Un seul élève touché par le variant anglais : fermeture possible mais pas automatique

La fermeture de la classe peut être envisagée « dès le premier cas » de variant anglais, selon le ministère. Elle n’est cependant plus automatique. « C’est la fin du principe de précaution qui avait prévalu et qui permettait de mettre tout le monde à l’abri et de freiner la chaîne de contamination, déplore Guislaine David. Les enfants asymptomatiques risquent de contaminer leur famille. »

« Nous avons été très surpris par ce changement de doctrine, qui a été décidé en catimini. Nous avons évoqué ce sujet mardi lors d’une réunion avec le directeur de cabinet » du ministre de l’Education nationale, rapporte la co-secrétaire générale du SNUipp-FSU. Thierry Ledroit, collaborateur de Jean-Michel Blanquer, a justifié auprès des syndicats cette modification par un avis du ministère des Solidarités et de la santé, poursuit Guislaine David. Mais l’enseignante doute qu’un tel avis ait été donné, elle relève que ni la Haute autorité de santé (HAS) ni le conseil scientifique n’ont recommandé un tel changement.
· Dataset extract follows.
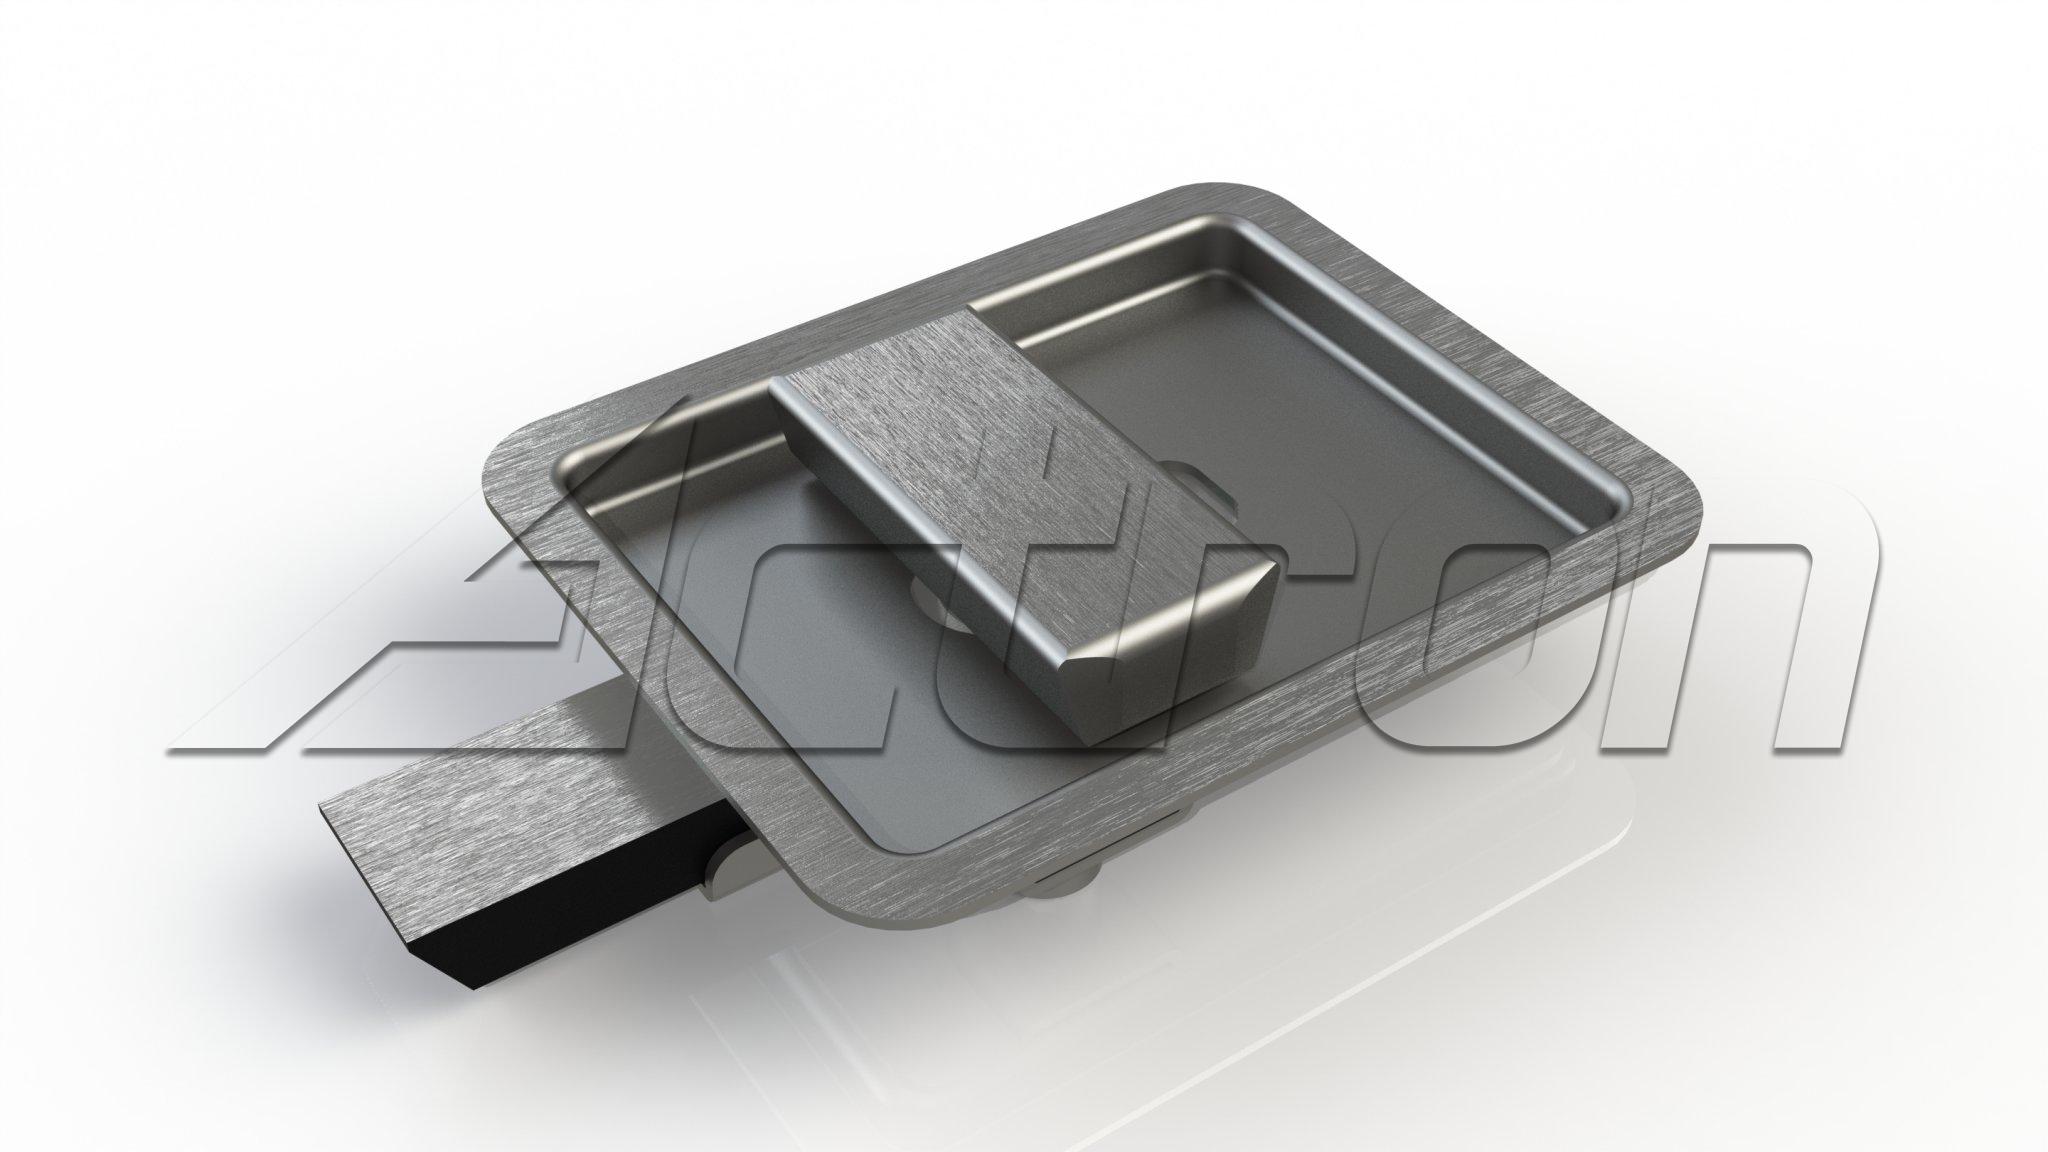 latchlock-assy-8211-sliding-4496-a27076.jpg

Un seul élève touché par le variant sud-africain ou brésilien ou cas contact : fermeture obligatoire

Le ministère de l’Education nationale indique que doit être fermée une classe dès lors que les analyses ont démontré qu’un élève est positif au Covid-19 et touché par un variant sud-africain ou brésilien. « Tous les élèves seront assimilés à des contacts à risque. Une étude approfondie des contacts déterminera si les personnels de la classe doivent être également considérés comme contacts à risque », détaille le ministère. 

Une classe doit aussi être fermée « dès qu’un élève est identifié comme contact à risque d’un parent, d’un membre de la fratrie ou de toute personne vivant dans le même foyer que lui contaminé » par les variants sud-africain ou brésilien, selon l’Education nationale. Alors, les élèves et les personnels doivent subir un test. Même si le résultat est négatif, il est préconisé, pour les élèves, « de réduire les contacts et de rester à la maison autant que possible, de surveiller régulièrement la température et d’effectuer un test au moindre doute ».
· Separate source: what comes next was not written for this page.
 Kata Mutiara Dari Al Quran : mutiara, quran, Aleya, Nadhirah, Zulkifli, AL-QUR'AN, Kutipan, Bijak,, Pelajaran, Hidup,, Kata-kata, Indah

L’enseignant n’est pas considéré comme cas contact lorsqu’un enfant est positif, alors même qu’il se trouve souvent à proximité des enfants en maternelle et en élémentaire, déplore Guislaine David. L’Education nationale précise que si un membre du personnel de l’établissement est testé positif, que ce soit ou non dû à un variant, cela « n’implique pas automatiquement la fermeture de la classe »
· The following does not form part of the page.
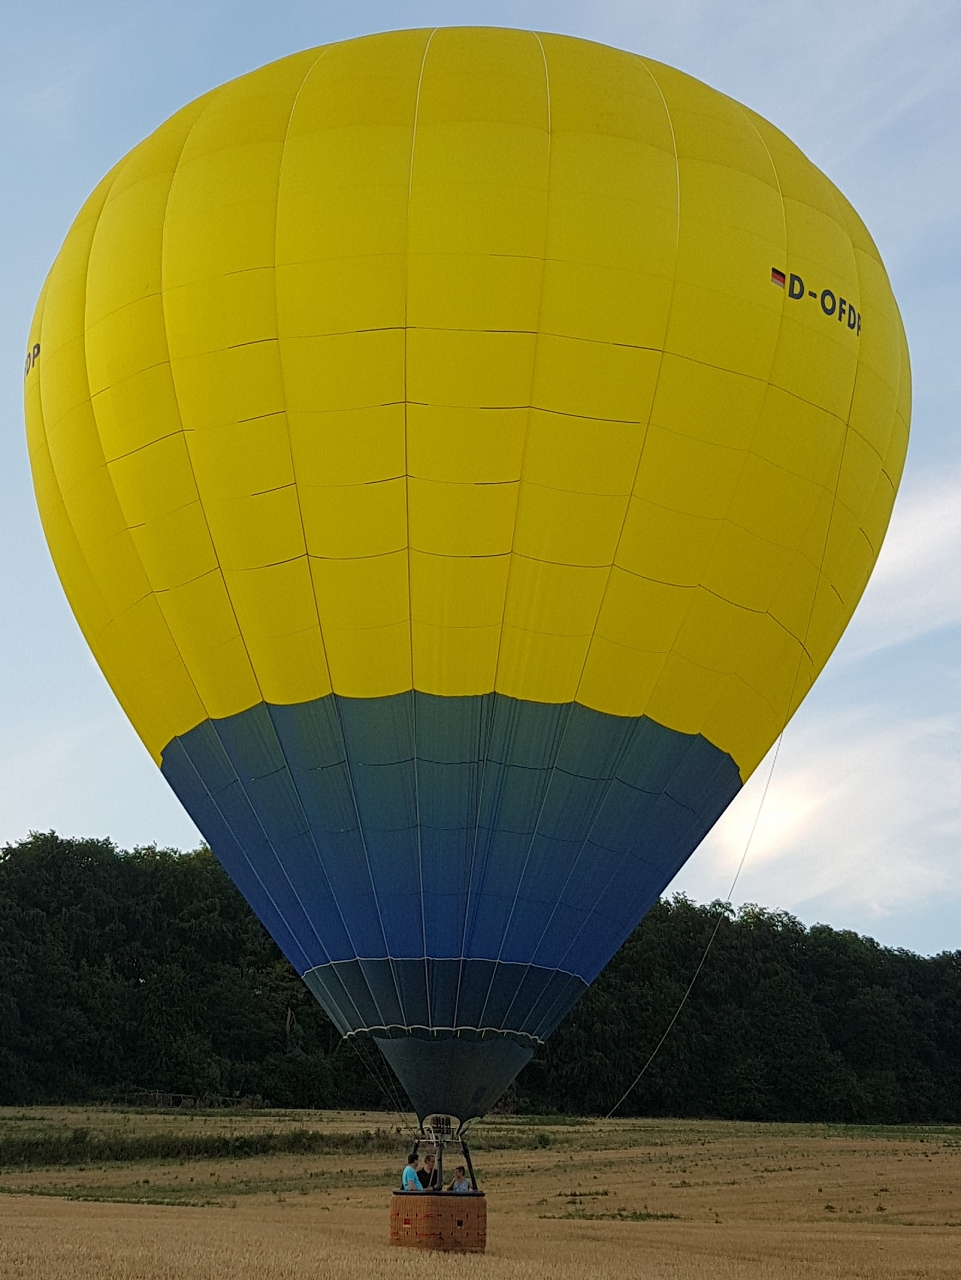 Mein_Ballon_D-OFDP_02

Fermeture des établissements

La fermeture des établissements peut être décidée en présence d’un cluster. « Il faut que plusieurs cas soient présents dans plusieurs classes », selon la co-secrétaire générale du SNUipp-FSU. Les brassages au cours des activités périscolaires et des repas à la cantine peuvent fonder aussi une fermeture des portes. La politique de fermeture n’est pas uniforme dans tout le pays. « Dans une école comptant six classes en Moselle, de nombreux élèves étaient cas contacts, seuls ne l’étaient pas. Les autorités n’ont pas fermé l’établissement », observe Guislaine David. Les parents de ces 26 élèves ont fait de la résistance passive : ils n’ont pas envoyé leur enfant à l’école.

Une situation sanitaire fragile

S’il s’est refusé en janvier à mettre en œuvre un troisième confinement, l’exécutif sait la situation sanitaire fragile et n’exclut pas de nouvelles restrictions des déplacements et une fermeture des écoles. « En l’absence de mesures de distanciation sociale plus rigoureuses et intenses » le variant apparu en Angleterre « va provoquer une croissance rapide dans les prochaines semaines, et encore plus tôt dans les régions où le variant est largement présent (par exemple, l’Île-de-France) », affirment, dans une étude actualisée dimanche 14 février, l’Institut national de la santé et de la recherche médicale (Inserm), Orange Labs et Santé publique France, rapporte le journal Les Echos.